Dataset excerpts
· · · · ·

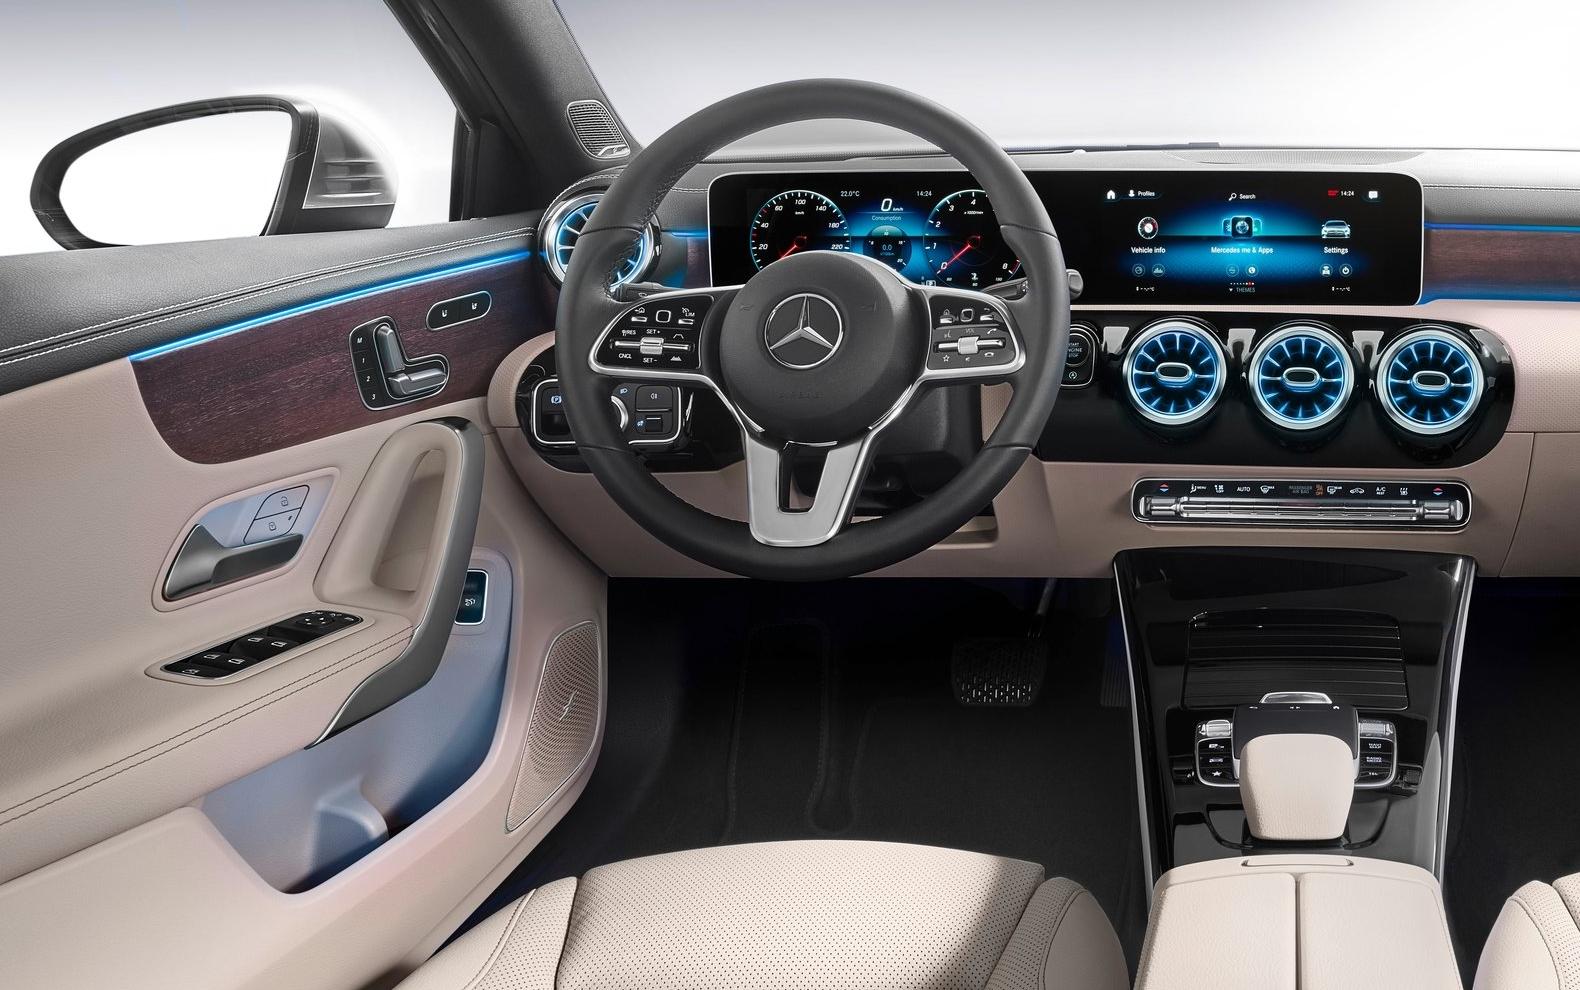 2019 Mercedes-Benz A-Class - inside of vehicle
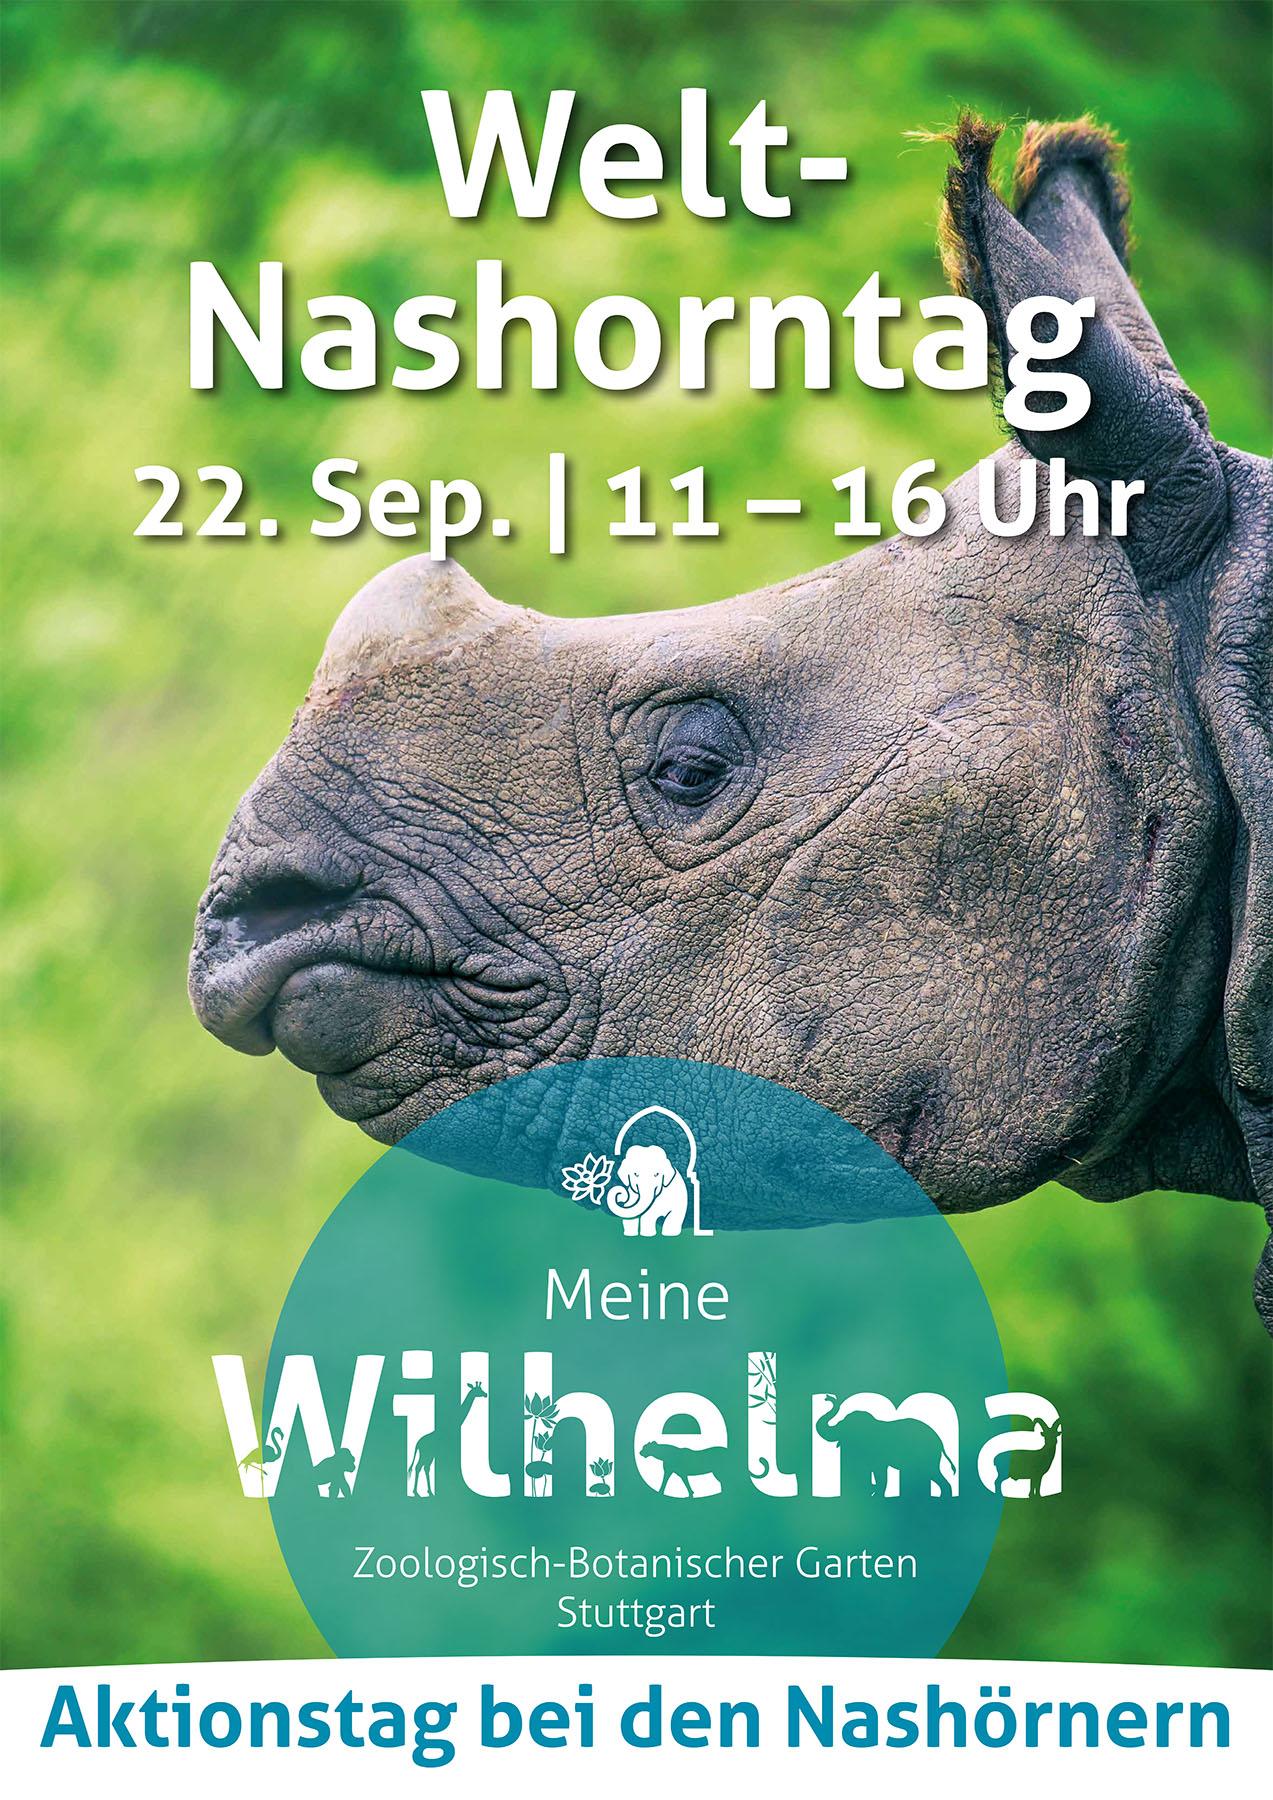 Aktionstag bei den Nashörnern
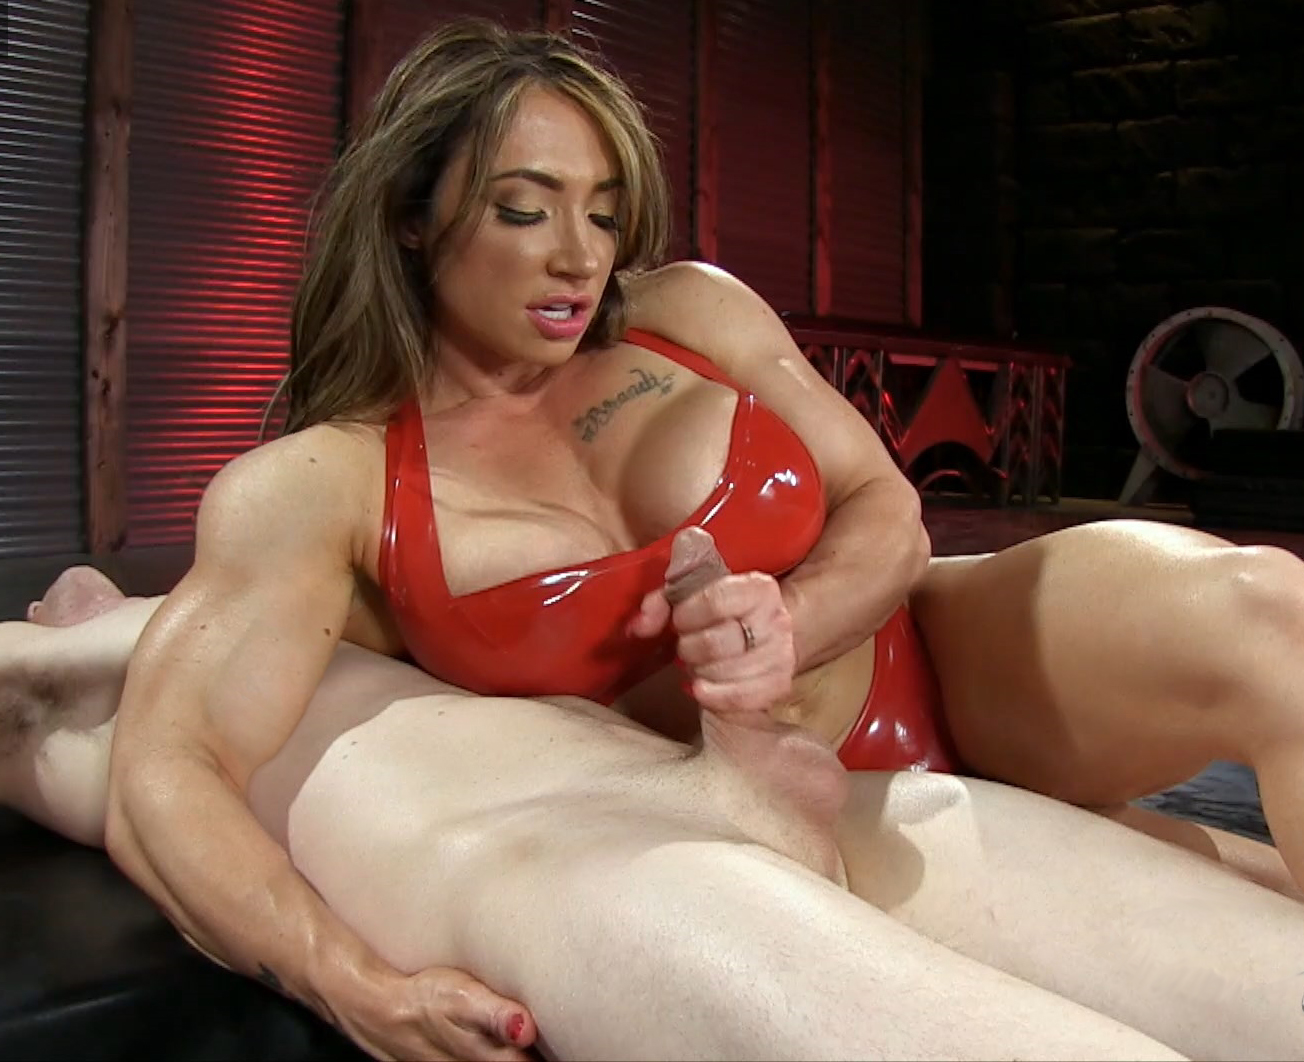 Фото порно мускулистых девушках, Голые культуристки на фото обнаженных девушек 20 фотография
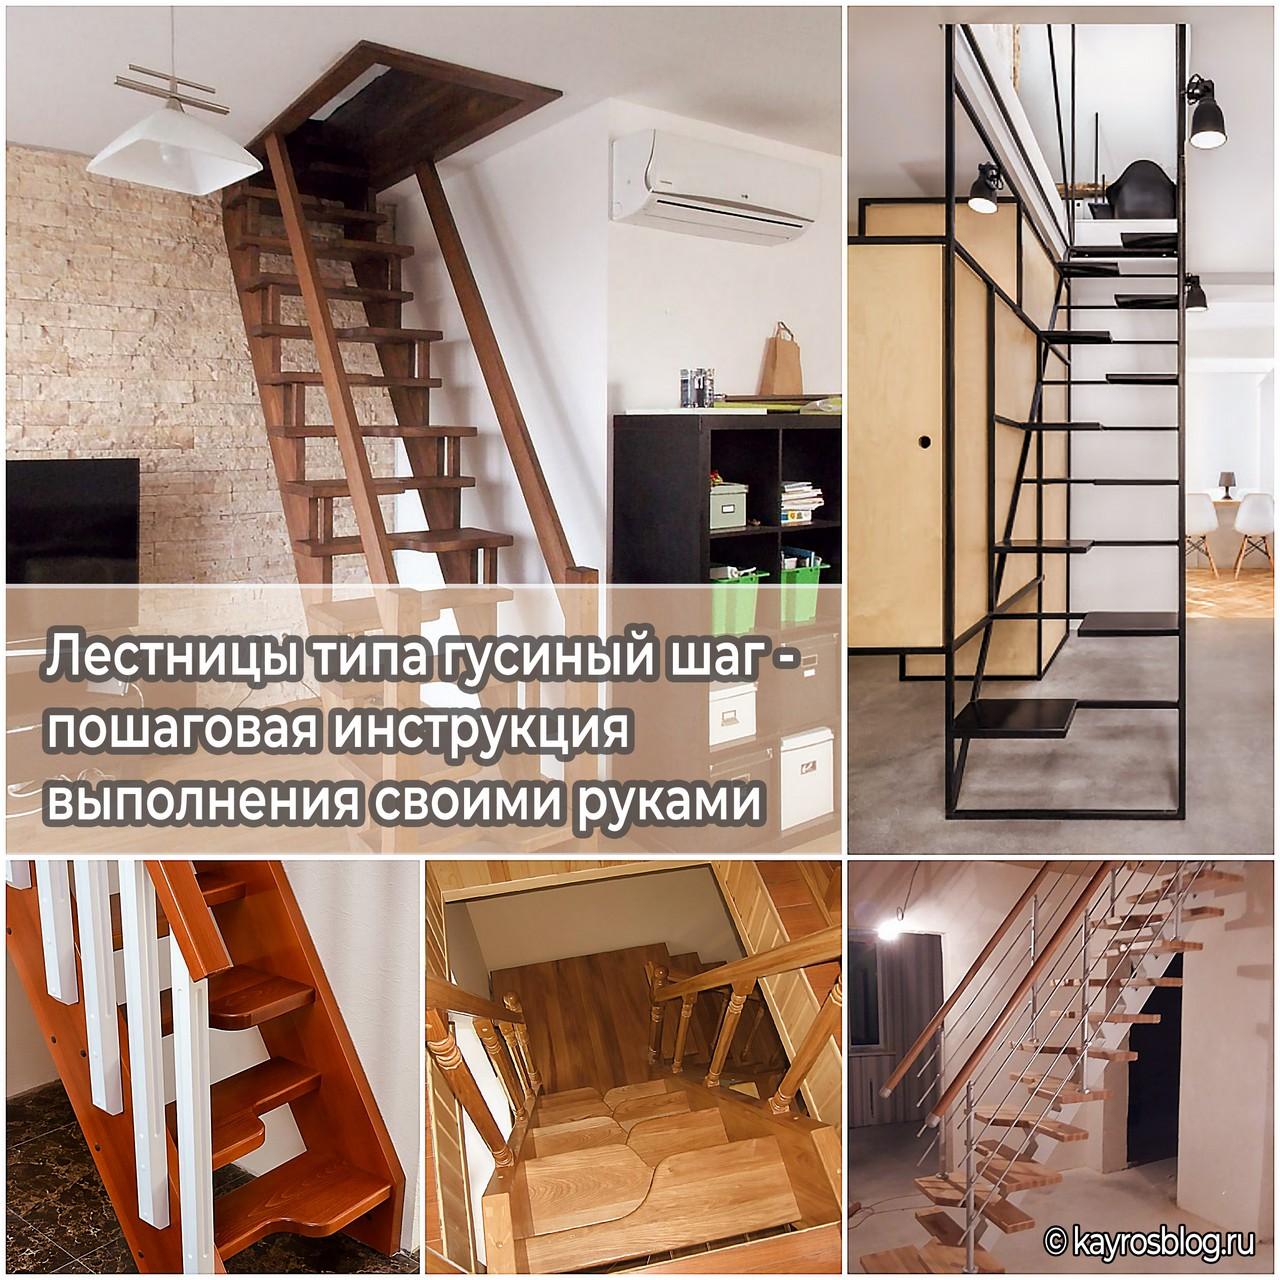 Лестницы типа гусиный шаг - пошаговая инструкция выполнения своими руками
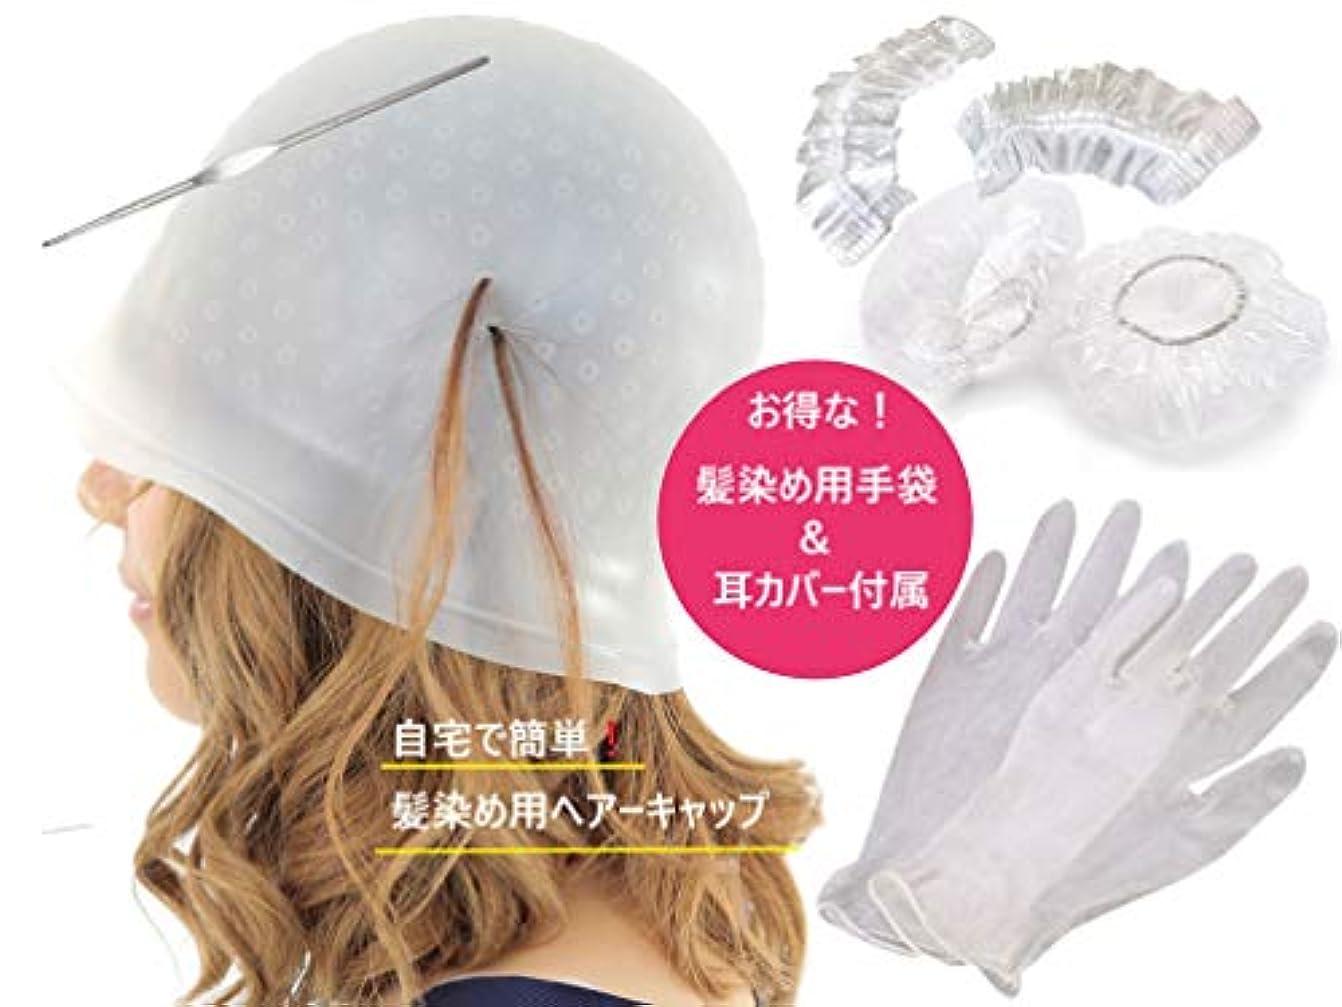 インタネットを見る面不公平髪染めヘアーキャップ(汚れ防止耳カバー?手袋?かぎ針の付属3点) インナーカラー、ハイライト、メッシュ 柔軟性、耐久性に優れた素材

· · · · ·

- Try it
Once the line containing "Фото порно мускулистых" is found, copy it and each line after it through the end of the entries above exactly; nothing else, and no pictures.

- Response
 Фото порно мускулистых девушках, Голые культуристки на фото обнаженных девушек 20 фотография
 Лестницы типа гусиный шаг - пошаговая инструкция выполнения своими руками
 インタネットを見る面不公平髪染めヘアーキャップ(汚れ防止耳カバー?手袋?かぎ針の付属3点) インナーカラー、ハイライト、メッシュ 柔軟性、耐久性に優れた素材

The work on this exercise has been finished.